* _Your instructions_
Your answer is the lines below, exactly, from the one that contains "Pets Home Logo Vector Design presentation." through the one that contains "Gucci Black Leather", both included.

* _Entries provided_

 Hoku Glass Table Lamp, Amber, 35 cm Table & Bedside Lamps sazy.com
---
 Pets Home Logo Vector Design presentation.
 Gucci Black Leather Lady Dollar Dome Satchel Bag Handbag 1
--
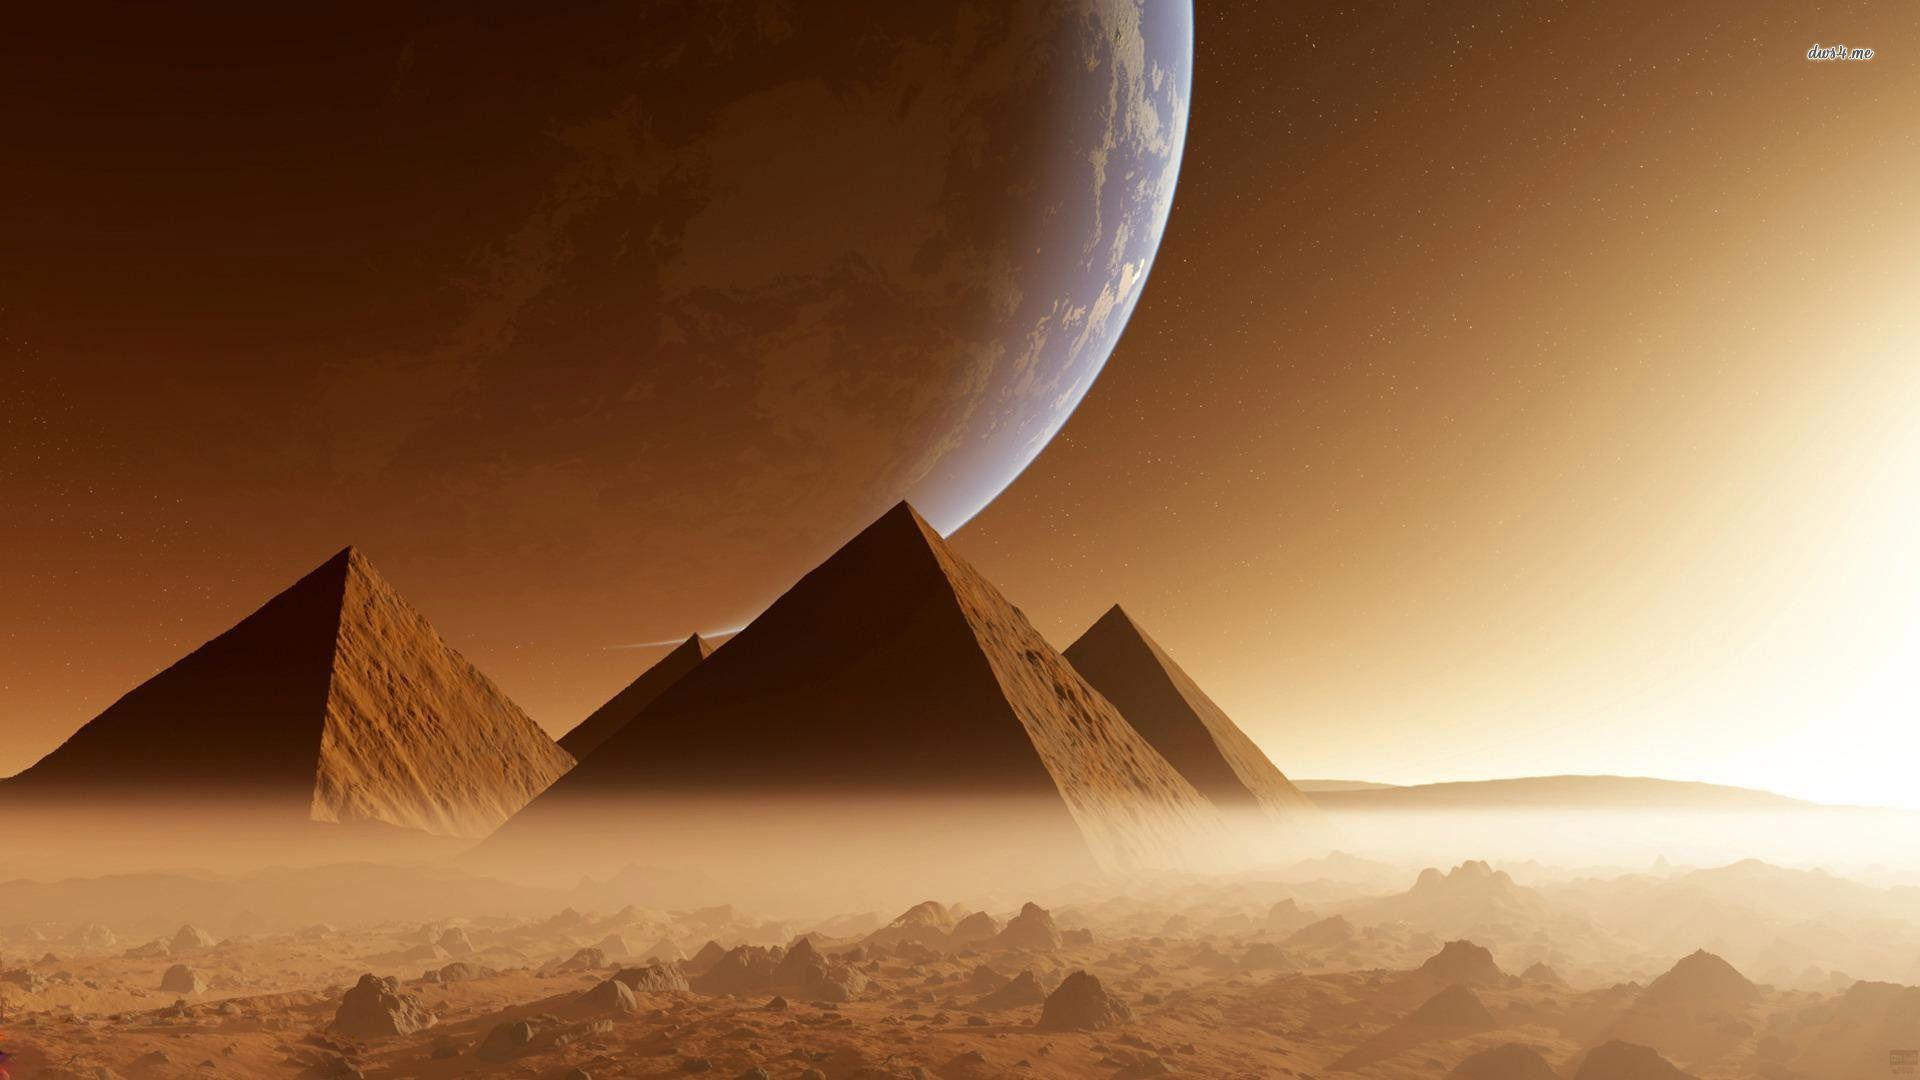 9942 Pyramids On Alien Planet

* _Response to the exercise_
 Pets Home Logo Vector Design presentation.
 Gucci Black Leather Lady Dollar Dome Satchel Bag Handbag 1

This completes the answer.